Comment 5 for bug 1996678

Revision history for this message
Michael Sinz (michaelsinz) wrote : Re: 1.5.9-0ubuntu1~20.04.5 sporadic timeouts

Just a note - this seems to be related to the kernel - specifically, we have seen this in Ubuntu 18.04 too with the update to the 5.4.0-1095 kernel from the 5.4.0-1094 kernel.

Same problem that at some point, sometimes minutes sometimes many hours after starting, the kernetes node metrics fail and that is actually due to containerd having problems getting metrics.

They actually do continue to work but change from taking a few milliseconds to taking many seconds to complete which is beyond the timeout for collecting metrics.

We tried changing containerd versions but it did not matter - just the kernel change showed the impact and rolling that back to the 5.4.0-1094 kernel fixed everything.

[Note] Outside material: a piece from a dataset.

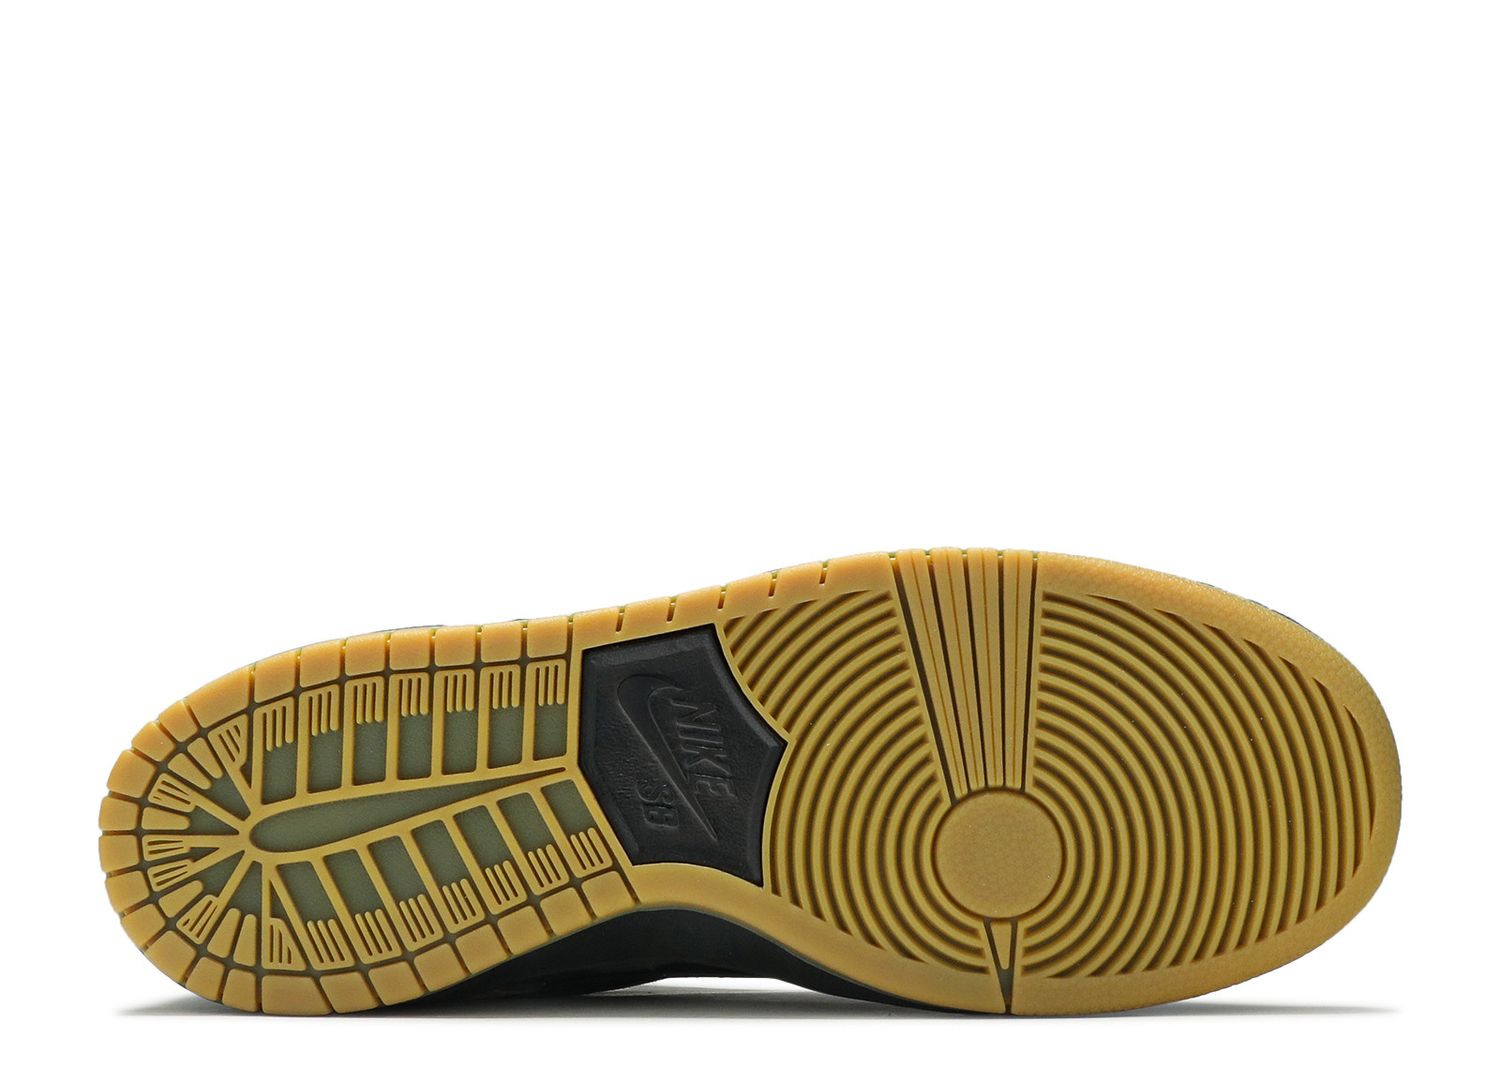 Zoom Dunk Low Pro SB 'Camo' - Nike - 854866 209 - medium olive/black ...

Note that the 5.4.0-1095 update has a massive change list: https://launchpad.net/ubuntu/+source/linux-azure-5.4/5.4.0-1095.101~18.04.1

It may be that the cgroup change is involved (https://bugs.launchpad.net/ubuntu/+source/linux/+bug/1988584) but I don't yet know if that is true. It may be something with IPC that is actually the problem. Have not gotten a chance to debug the kernel yet (been busy dealing with our services and rolling back the kernel update)